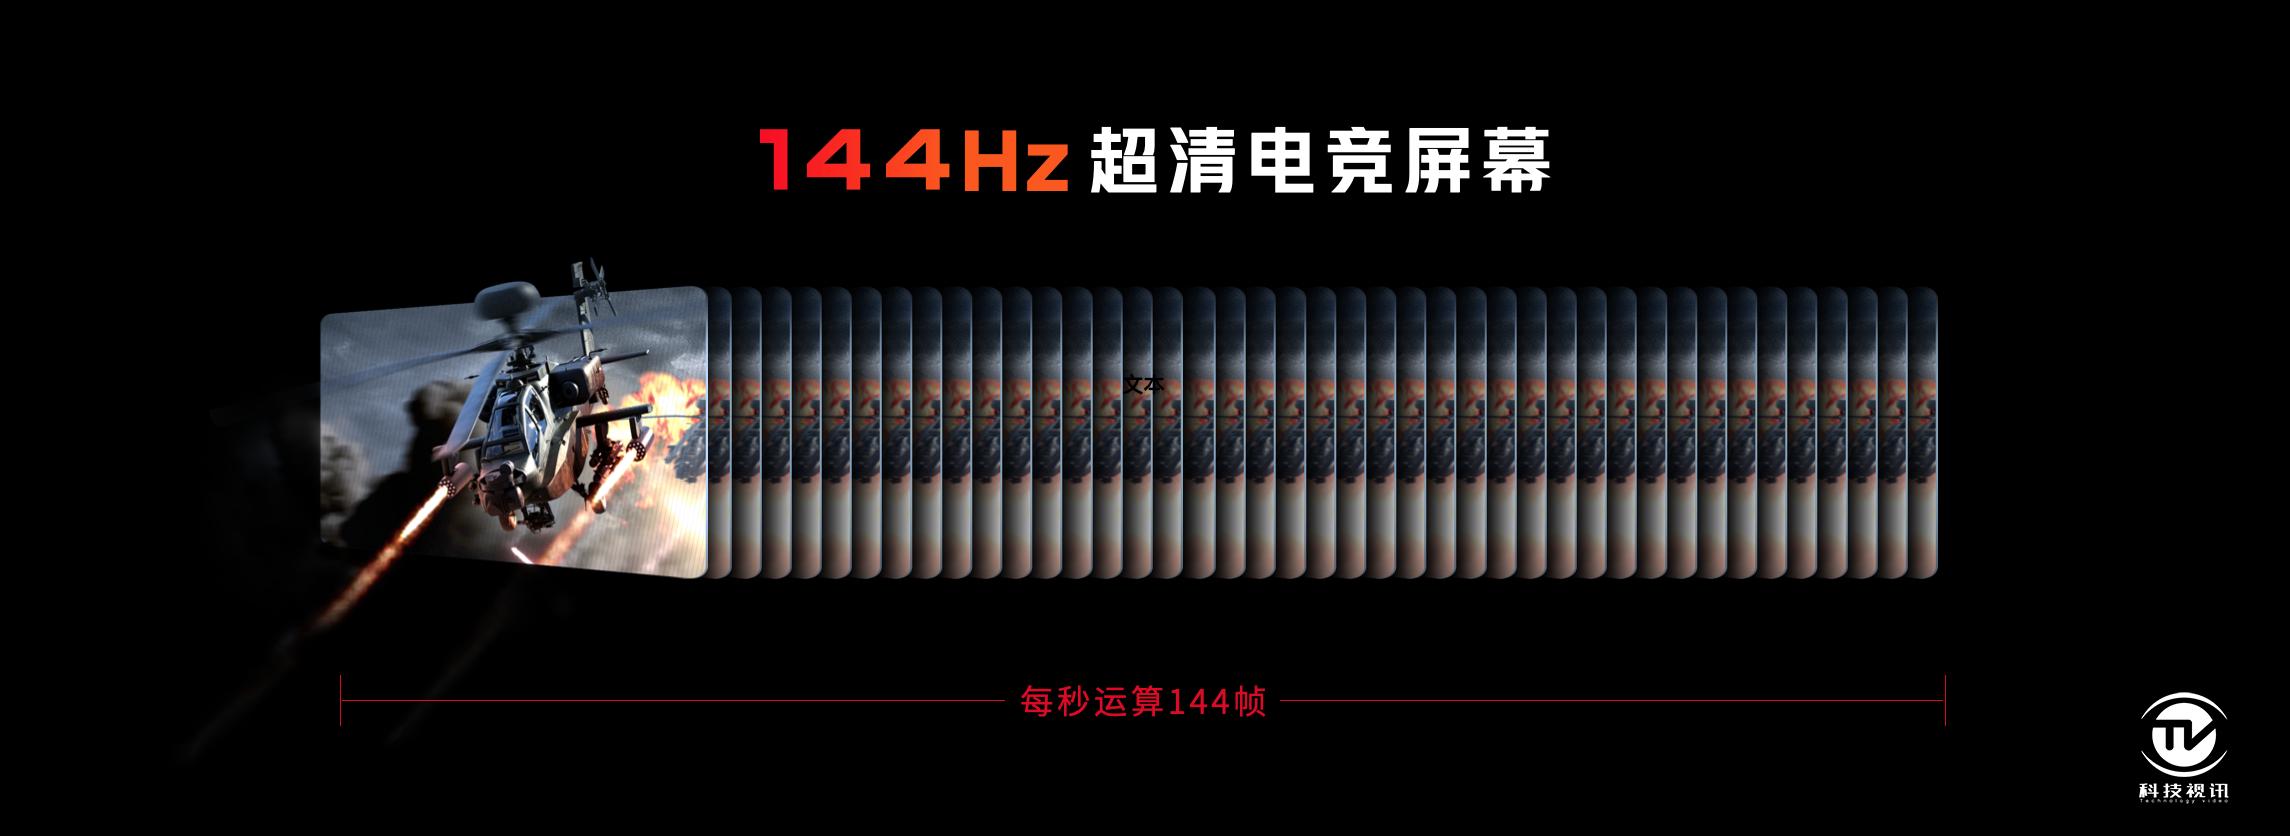 image027.png
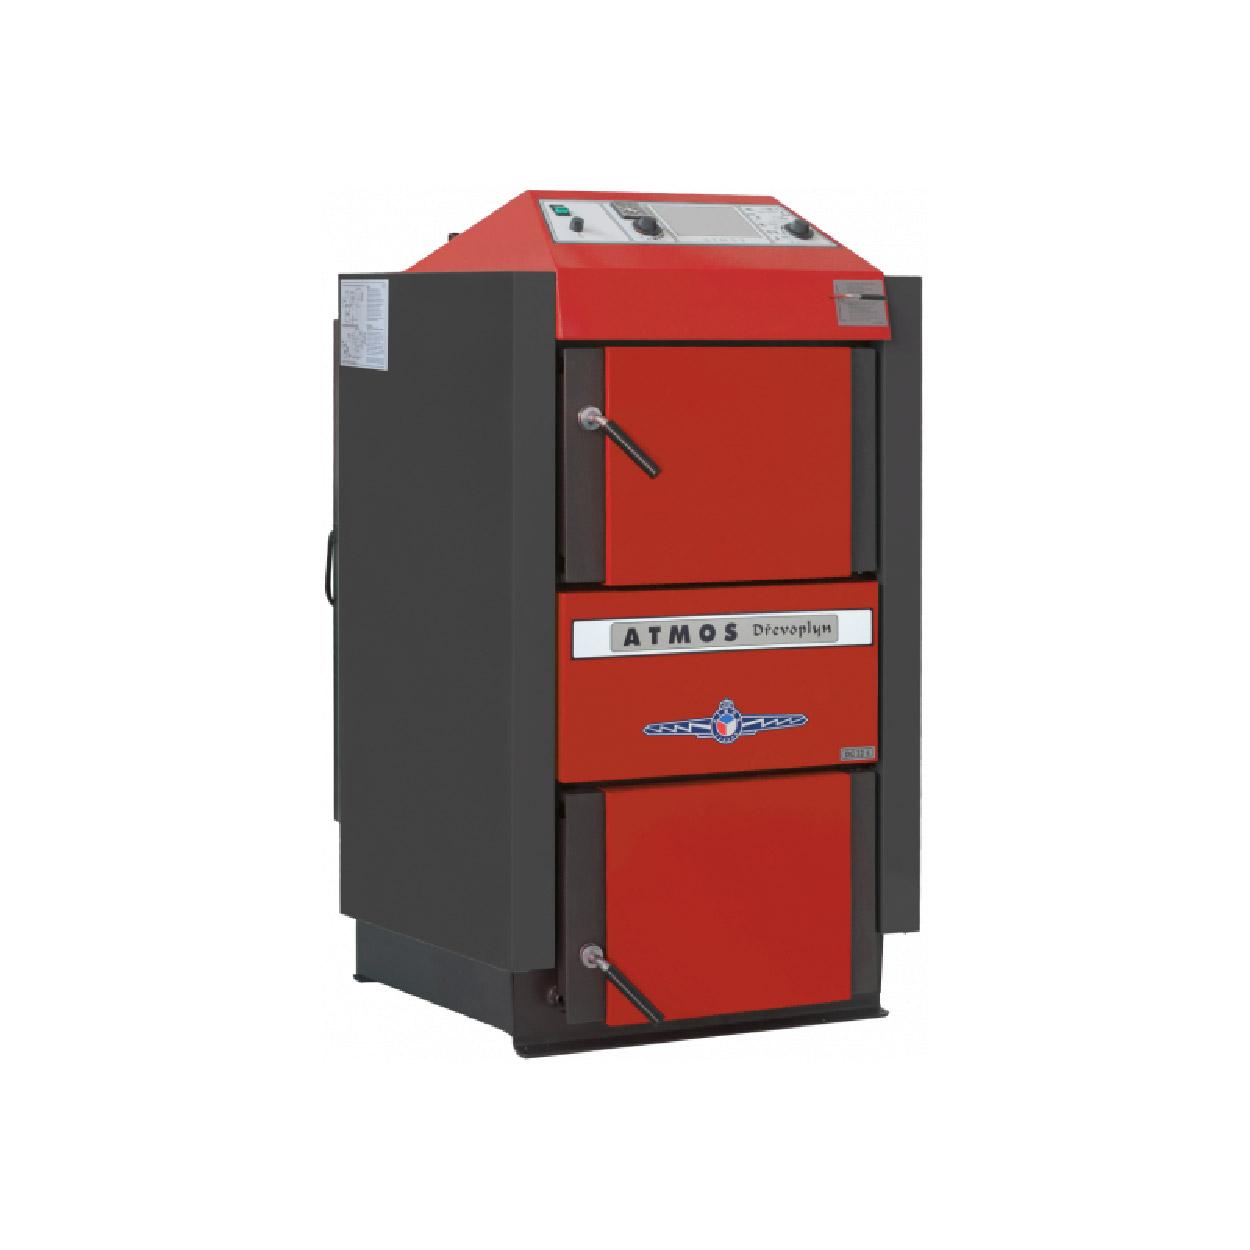 Centrala termica pe lemne ATMOS DC32GS 32 kW fornello imagine
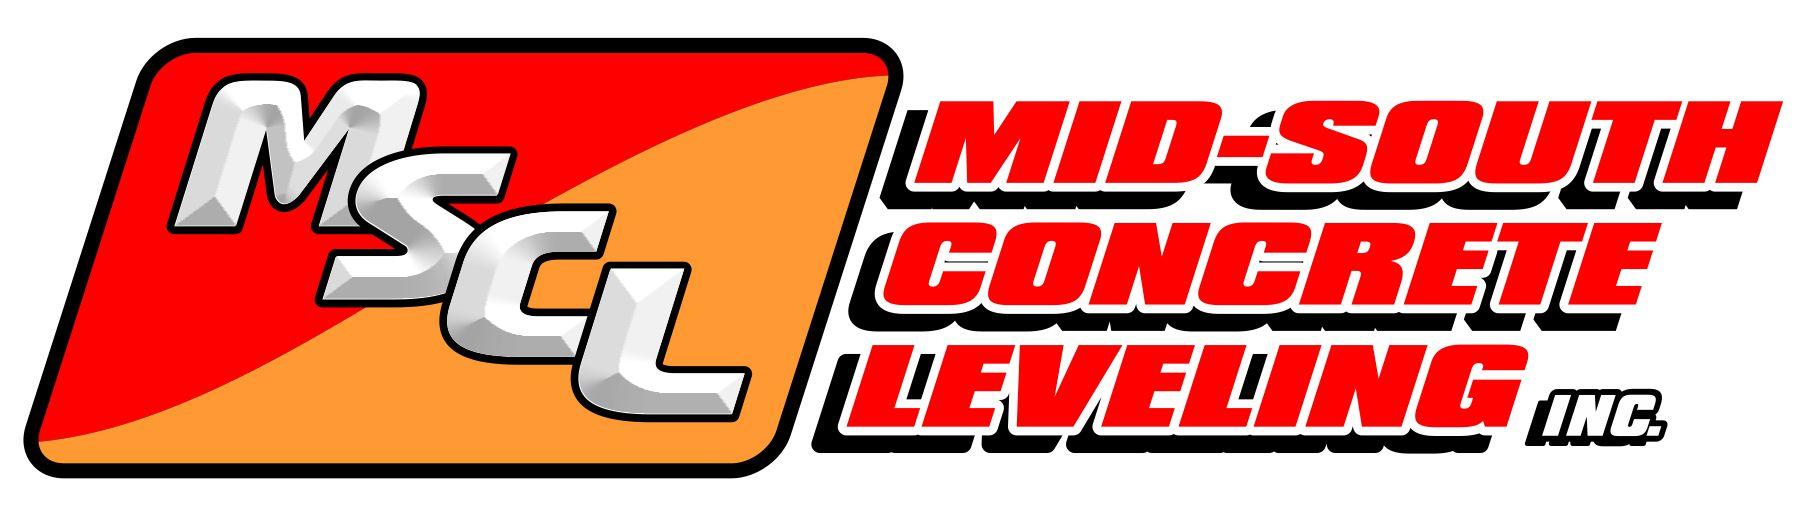 logo design mid south concrete leveling by larry elliott design
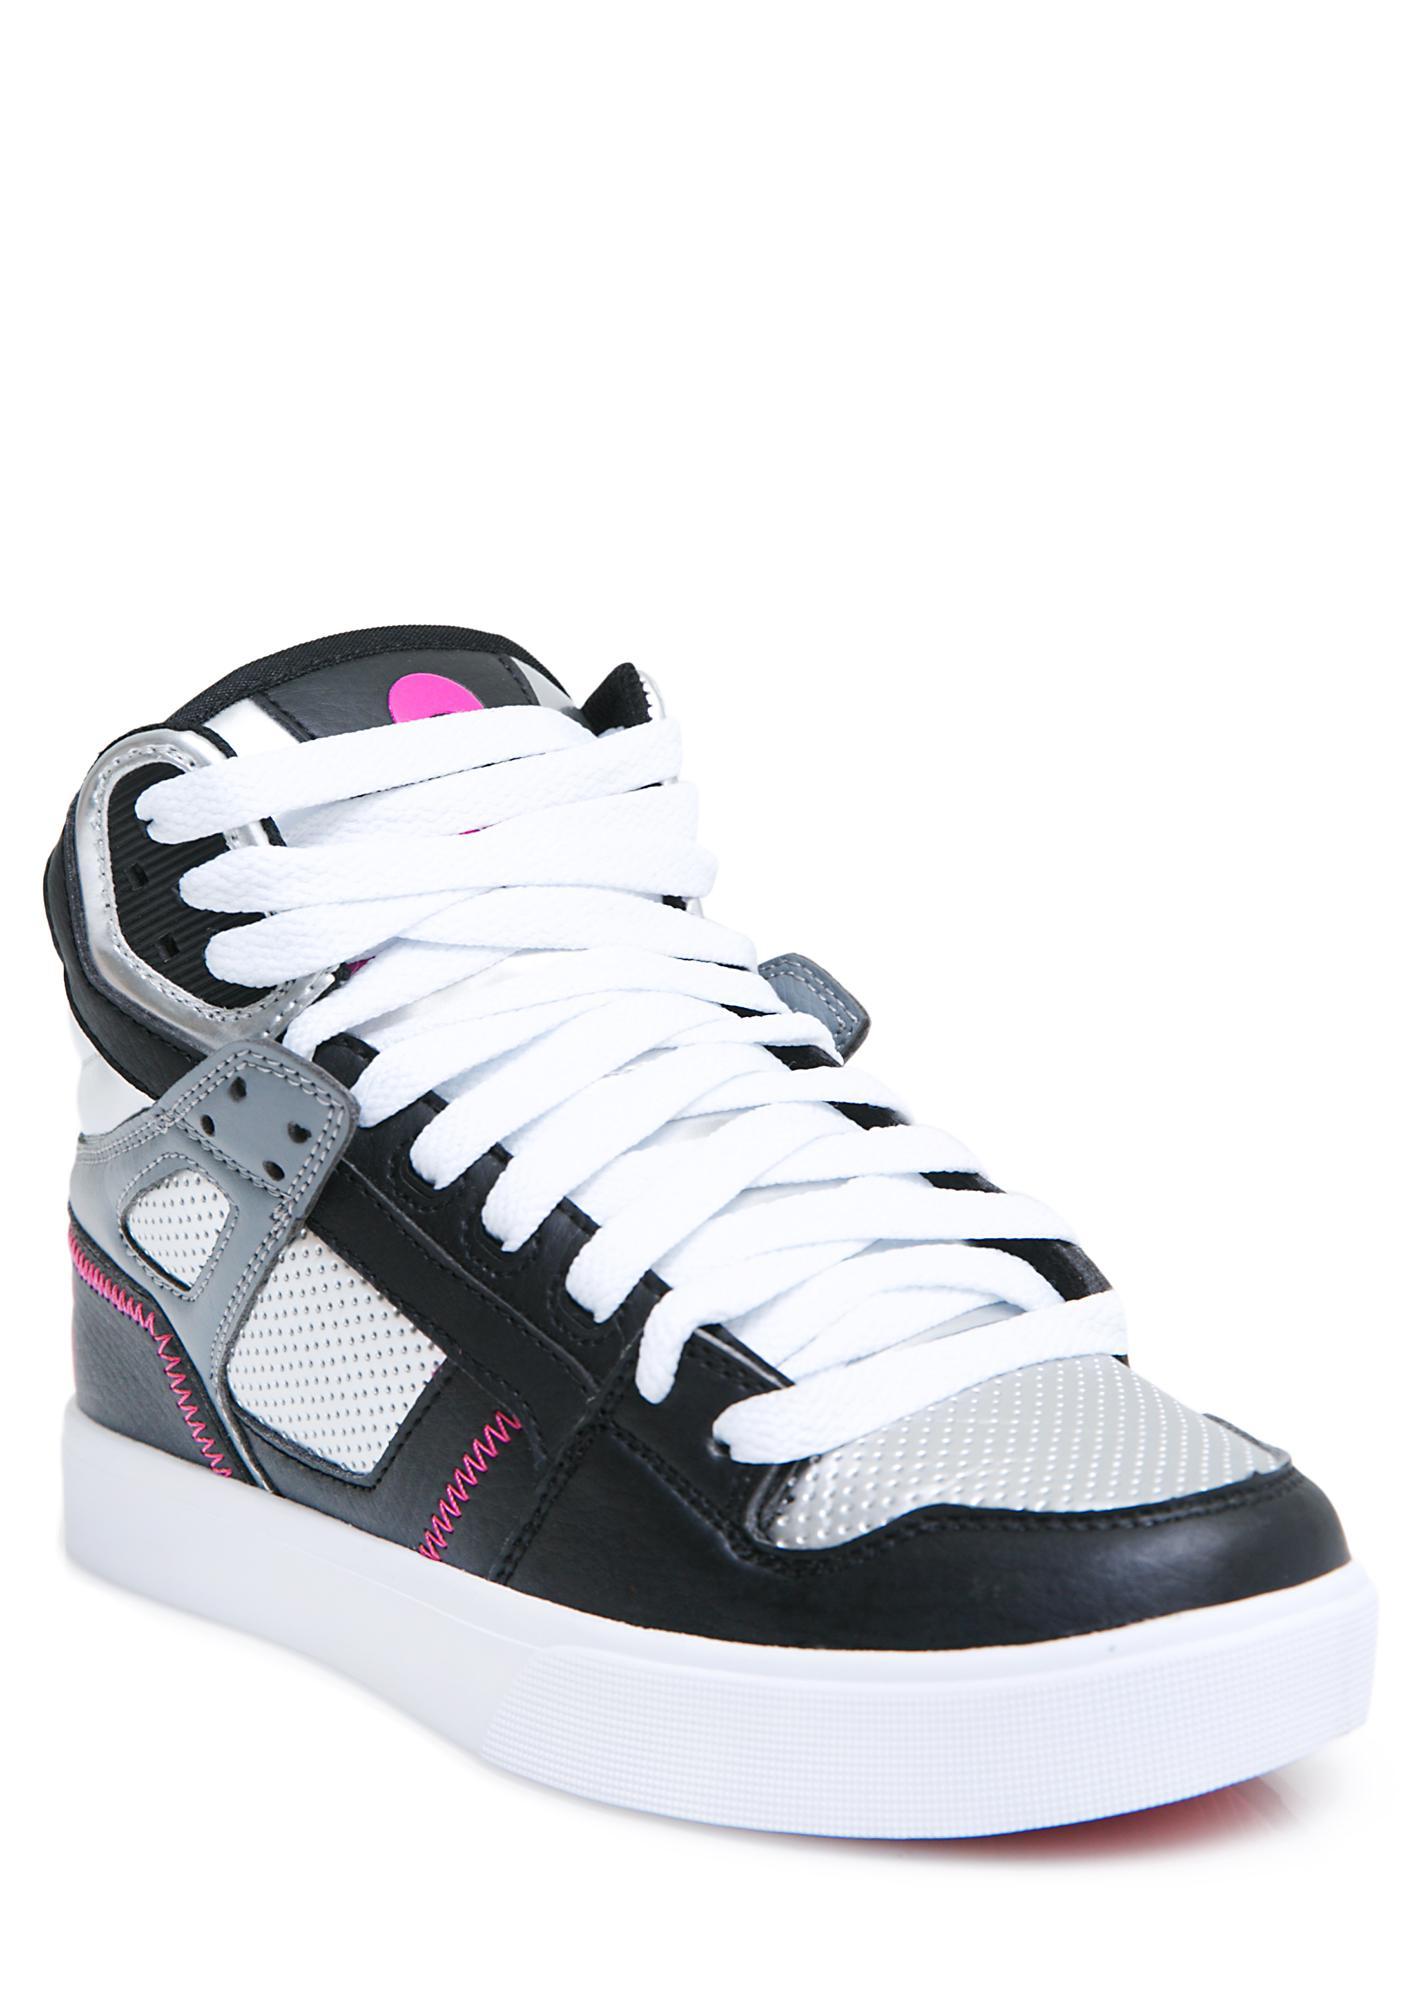 Osiris Stone Clone Sneakers
==================================================
- **About this task**: Except for the pictures, please retype the listing above exactly.

- **Exercise answer**:
 image027.png
 Centrala termica pe lemne ATMOS DC32GS 32 kW fornello imagine
 logo design mid south concrete leveling by larry elliott design
 Osiris Stone Clone Sneakers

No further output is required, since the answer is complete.